With lba_step, ioworker can also decrease the LBA address of the IO. Script can set it to a negative number. The following example demonstrates reading in reverse order, where ioworker sends read commands on LBA 10, 9, 8, 7, 6, 5, 4, 3, 2, 1.

def test_ioworker_lba_step(nvme0n1):
    nvme0n1.ioworker(lba_random=False,
                     io_size=1,
                     lba_start=10,
                     lba_step=-1,
                     io_count=10).start().close()

When the lba_step is set to 0, ioworker can repeatedly read and write to the specified LBA.

def test_ioworker_lba_step(nvme0n1):
    nvme0n1.ioworker(lba_random=False,
                     lba_start=100,
                     lba_step=0,
                     time=5).start().close()

start_time

start_time specifies the earliest epoch timestamp at which the ioworker can begin issuing and completing I/O operations. Use a value generated by time.time() (optionally with an added offset) to introduce a pre-run idle period or synchronize the start of multiple ioworkers. By default, the ioworker starts sending I/O immediately.

def test_ioworker_start_time(nvme0n1):
    import time
    target = time.time() + 10

    start_time = time.time()
    wlist = []
    for i in range(5):
        w = nvme0n1.ioworker(io_size=8,
                             read_percentage=100,
                             time=10,
                             cpu_id=i,
                             start_time=target).start()
        wlist.append(w)
        time.sleep(1)

    for w in wlist:
        r = w.close()

read_percentage

read_percentage Specify the ratio of reads and writes, 0 means all write, 100 means all read. The default is 100. The following is an example of 50% each.

def test_ioworker_read_percentage(nvme0n1):
    nvme0n1.ioworker(read_percentage=50,
                     time=5).start().close()

op_percentage

op_percentage lets you specify an explicit mix of NVMe opcodes (not limited to read/write). Provide a dict of {opcode: percentage}. If both op_percentage and read_percentage are set, op_percentage takes precedence. Percentages may be decimals; the total must sum to exactly 100.00% (to two decimal places).

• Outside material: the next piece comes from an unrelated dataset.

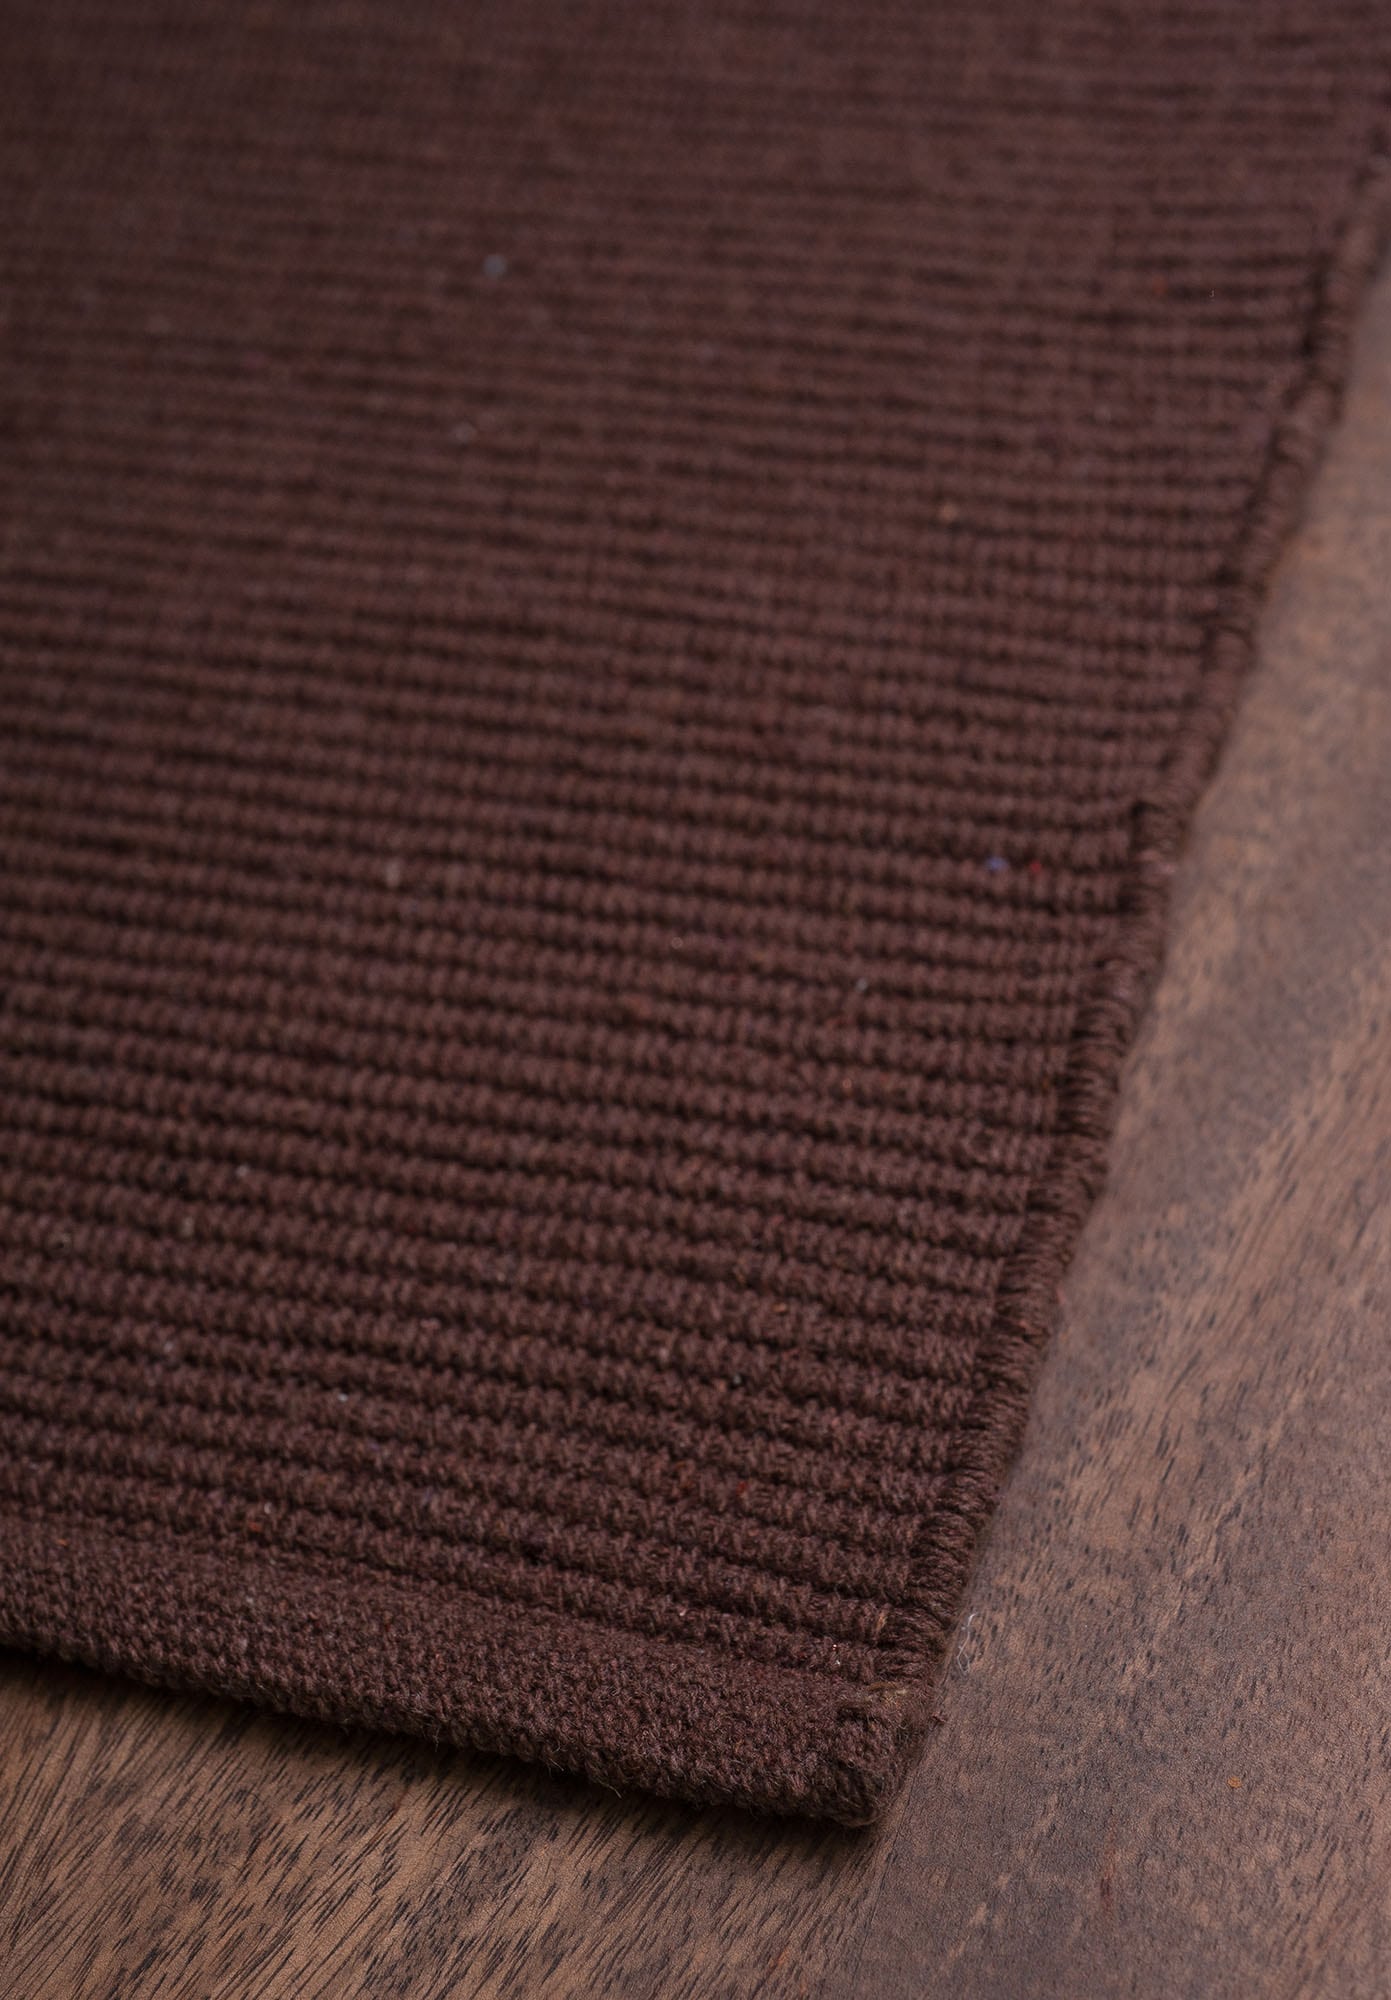 Rich, textured, handwoven, chocolate brown, 100% cotton natural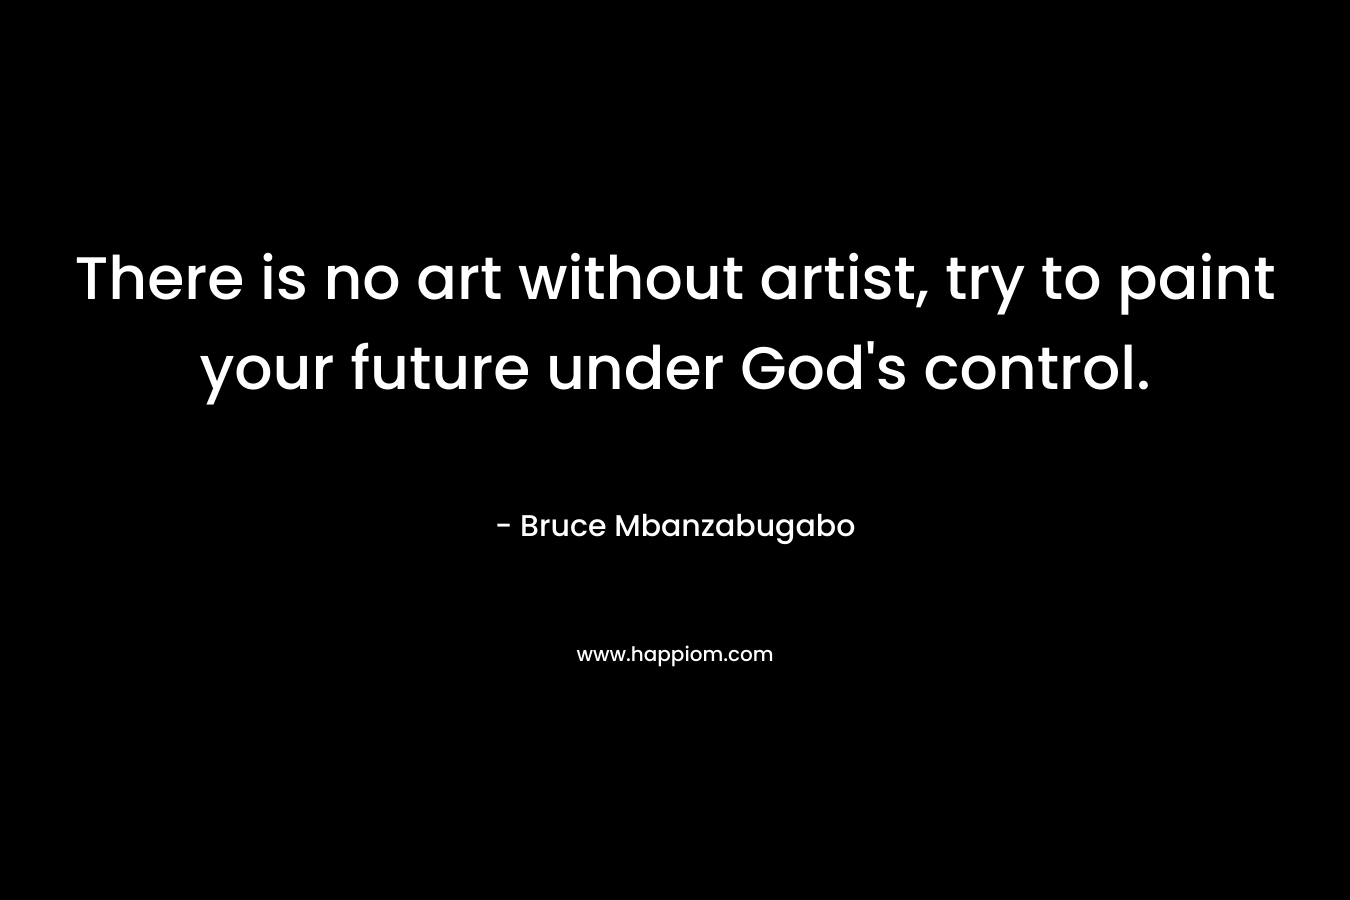 There is no art without artist, try to paint your future under God’s control. – Bruce Mbanzabugabo

def test_ioworker_op_percentage_int(nvme0n1):
    nvme0n1.ioworker(
        op_percentage={2: 40, 1: 30, 9: 30},  # Read/Write/Deallocate
        time=5
    ).start().close()

def test_ioworker_op_percentage_decimal(nvme0n1):
    nvme0n1.ioworker(
        op_percentage={2: 33.34, 1: 33.33, 9: 33.33},  # must sum to 100.00
        lba_random=True,
        io_size=8,
        time=10
    ).start().close()

sgl_percentage

sgl_percentage specifies the percentage of IO using SGL. 0 means only PRP and 100 means only SGL. The default value is 0. The following example demonstrates setting the commands issued by ioworker to use 50% PRP and 50% SGL.

def test_ioworker_sgl_percentage(nvme0n1):
    nvme0n1.ioworker(sgl_percentage=50,
                     time=5).start().close()

qdepth

qdepth specifies the queue depth of the Qpair object created by the ioworker. The default value is 63. Below is an example of an IO queue depth of 127 (Q’s size is 128) used in ioworker.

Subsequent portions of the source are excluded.